The gold you own was made in a catastrophe. Not metaphorically — not in the sense that all wealth is forged in conflict, though that too may be true — but literally, physically, in an astrophysical event of staggering violence: two neutron stars, each more massive than the sun and each roughly the size of a city, spiraling into each other at a third the speed of light and merging in a collision so energetic that it distorted the fabric of spacetime, created a flash of gamma radiation detectable across the universe, and scattered into the surrounding space a quantity of gold that, when later calculated by astrophysicists, was found to exceed the mass of all the gold in the solar system combined. By a large margin.

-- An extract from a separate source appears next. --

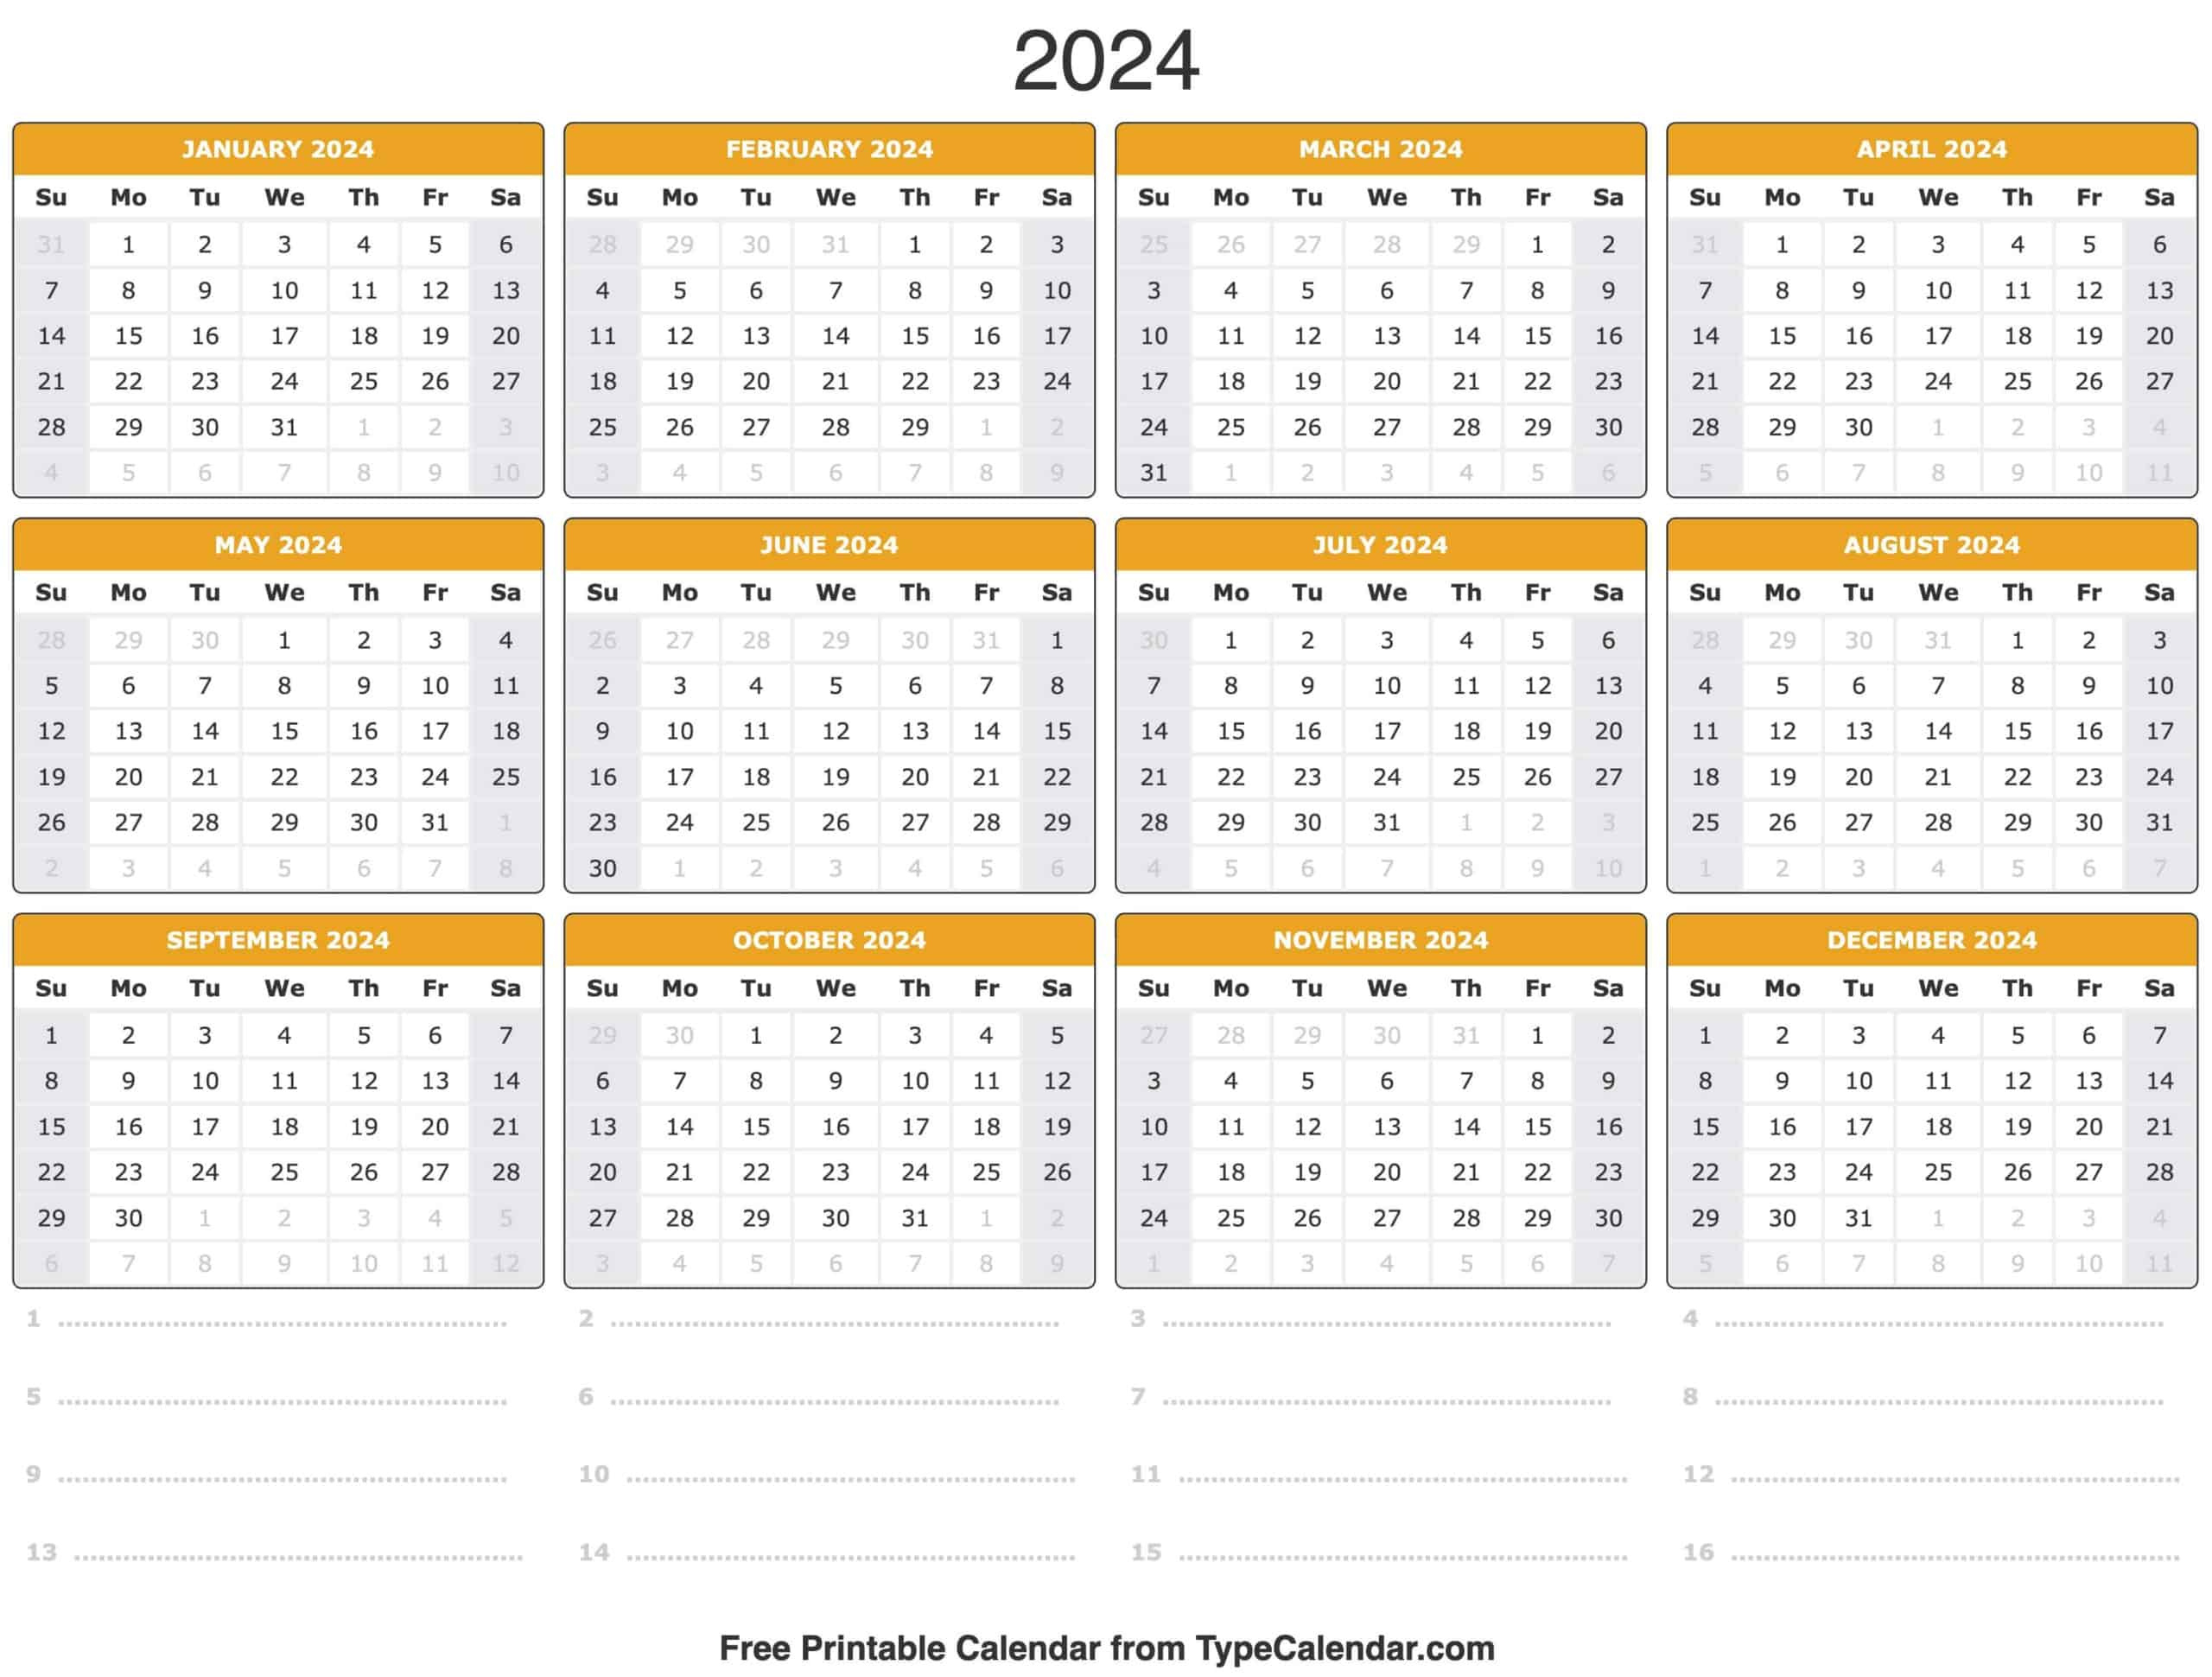 2024 Calendar: Free Printable Calendar With Holidays in Free Printable Calendar 2024 Microsoft Word

The underground man of Dostoevsky — that radical, maddening, self-devouring figure from beneath the floorboards — hoards his coin. He counts it. He assigns to it the weight of his self-worth and the proof of his contempt for those who have more. But the coin, the ring, the ingot in the vault: these are the corpse-light of collapsed gods. This is not poetry. This is astrophysics. And the question of what it means to own something whose origin is this violent, this indifferent, this incomprehensibly old — that question is not answered by the price per ounce.
The Event
On August 17, 2017, at 12:41:04 UTC, the LIGO detectors in Livingston and Hanford and the Virgo detector in Italy simultaneously registered a gravitational wave signal lasting approximately 100 seconds — far longer than the quarter-second chirp of GW150914, the first gravitational wave detection two years earlier. Longer because the inspiraling objects were lighter than black holes, their death spiral more gradual, the gravitational wave frequency audible to the instruments for nearly two minutes before the merger. The signal was designated GW170817.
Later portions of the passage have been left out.